*Exercise requirements*.
Drop the pictures; give again exactly the lines from the one holding "From modernist to" through the end of the data.

*Available data*.
☆ ☆ ☆

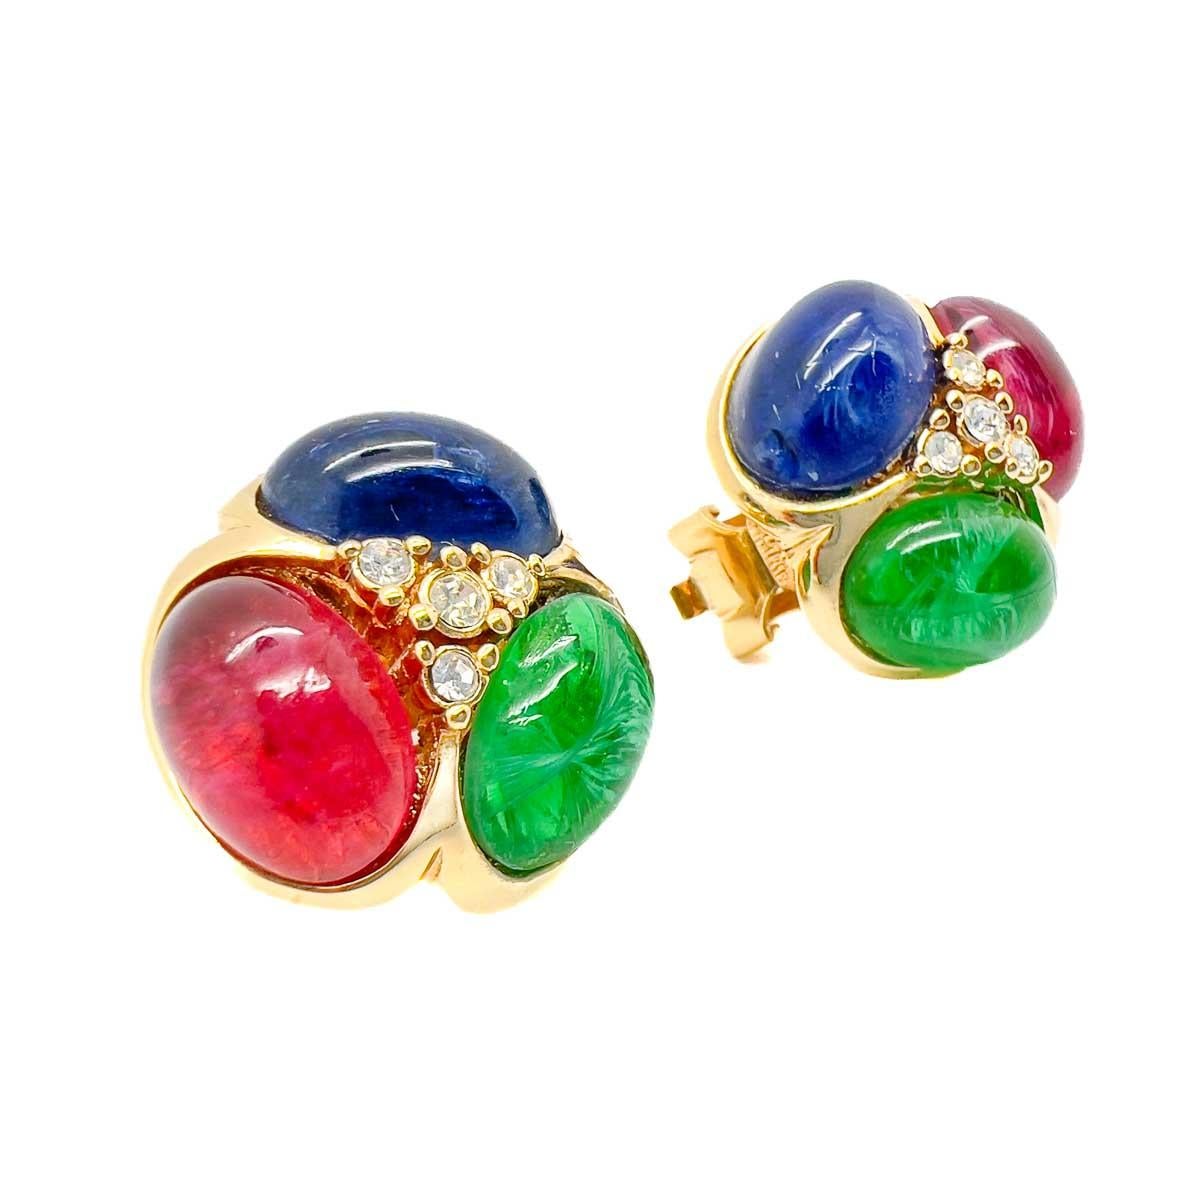 A pair of Vintage Grossé Cabochon Earrings. Heavenly jewel coloured glass cabochons imitate flawed precious stones including sapphire, ruby and emerald. The epitome of chic, timeless style.
From modernist to centuries old styles, premiere German
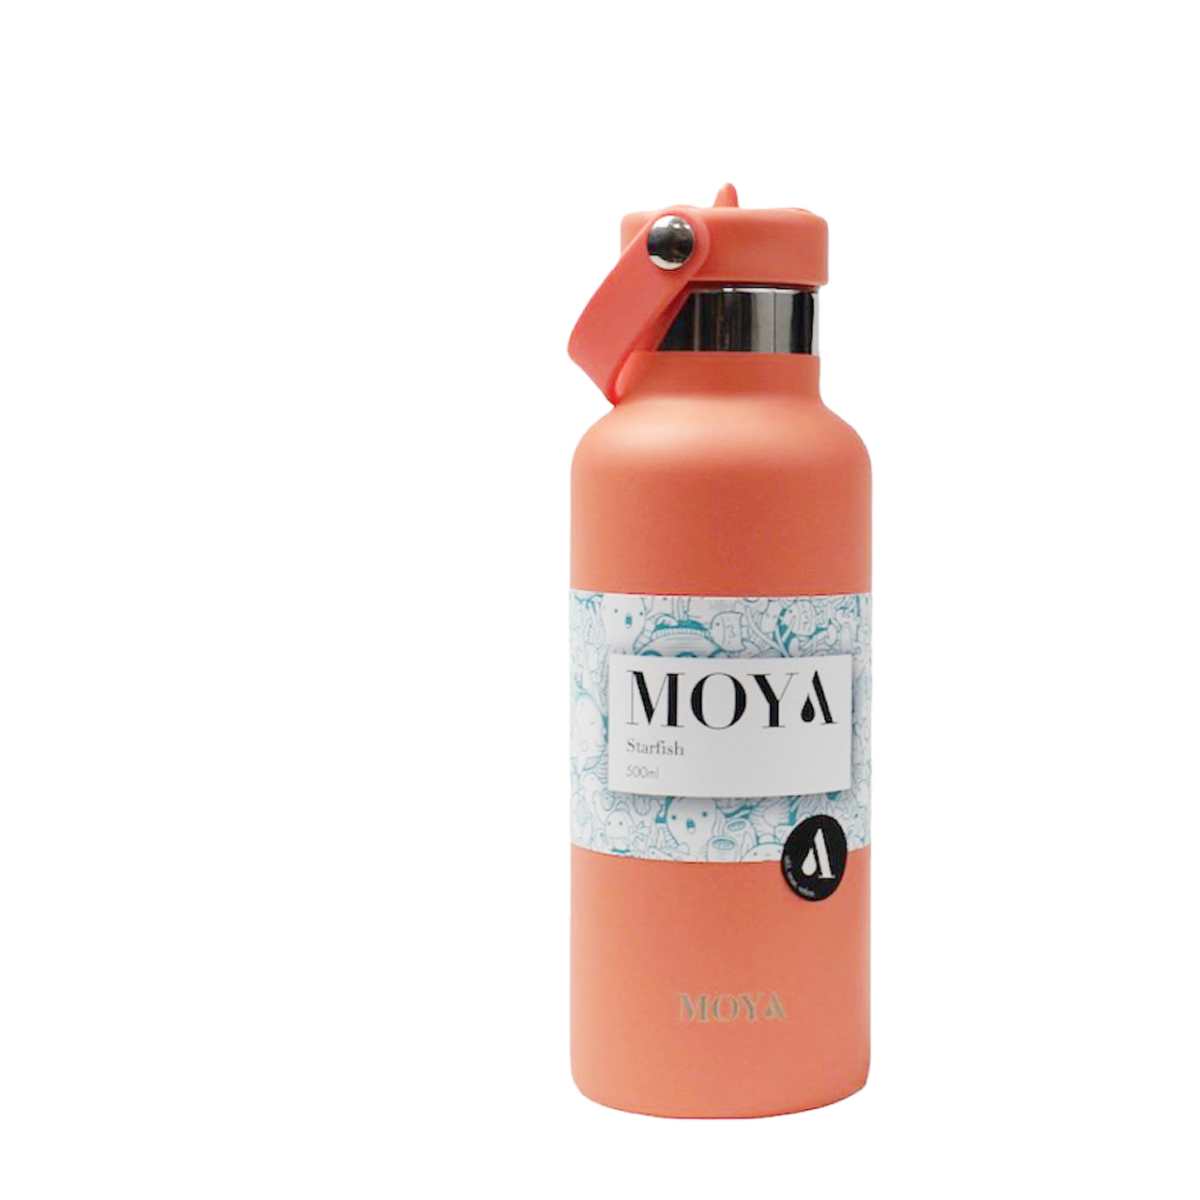 Moya “Starfish” 500ml Insulated Sustainable Water Bottle Coral

☆ ☆ ☆

*Solution*.
From modernist to centuries old styles, premiere German
 Moya “Starfish” 500ml Insulated Sustainable Water Bottle Coral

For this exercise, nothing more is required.